Participaram do estudo seis psicólogas autodeclaradas pretas, atuantes em movimentos de psicólogas antirracistas da cidade do Rio de Janeiro e Região Metropolitana. As entrevistas foram feitas a partir da disponibilidade das psicólogas. As entrevistas tiveram duração média de uma hora e ocorreram no segundo semestre do ano de 2020. Foram realizadas online, em função da pandemia de Covid-19, gravadas e transcritas3. Seguiram um roteiro semiestruturado que indagava sobre as trajetórias pessoal e de formação da entrevistada, sua percepção sobre a psicologia e as relações raciais, sua atuação no coletivo, sua construção enquanto mulher preta psicóloga e sua visão sobre a participação das mulheres pretas nos movimentos sociais.
Neste artigo, analisamos as respostas das entrevistadas que foram reunidas no eixo temático intitulado "Eu quero uma psicóloga preta" - Relação paciente e Psicóloga preta e a potência da coletividade e a busca pelo aquilombamento na Psicologia.
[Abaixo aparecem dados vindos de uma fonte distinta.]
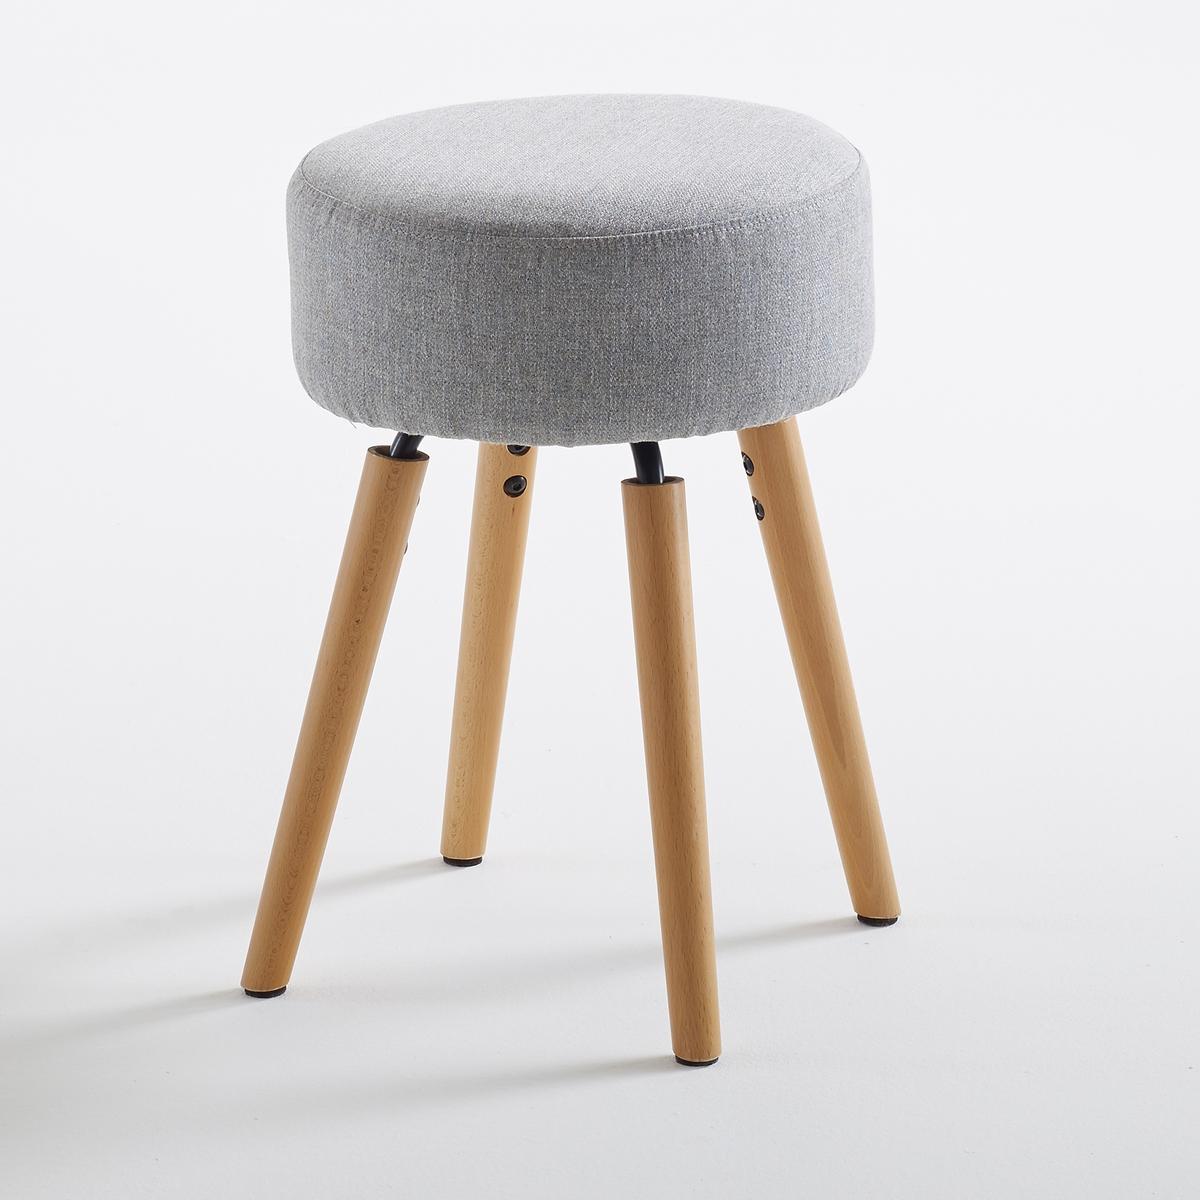 Табурет La Redoute Дизайнерский Asting единый размер серый

A fundamentação teórica da pesquisa é construída a partir de intelectuais pretas e teorias interseccionais, que consideram as relações de raça, classe, gênero e sexualidade. As falas foram trazidas de forma mais fluída possível, com o objetivo de respeitar o que foi dito e o movimento de construção das entrevistadas. Entendemos, ainda, que cada entrevistada também é uma intelectual e suas falas dizem sobre suas trajetórias e constroem teorias e práticas em Psicologia.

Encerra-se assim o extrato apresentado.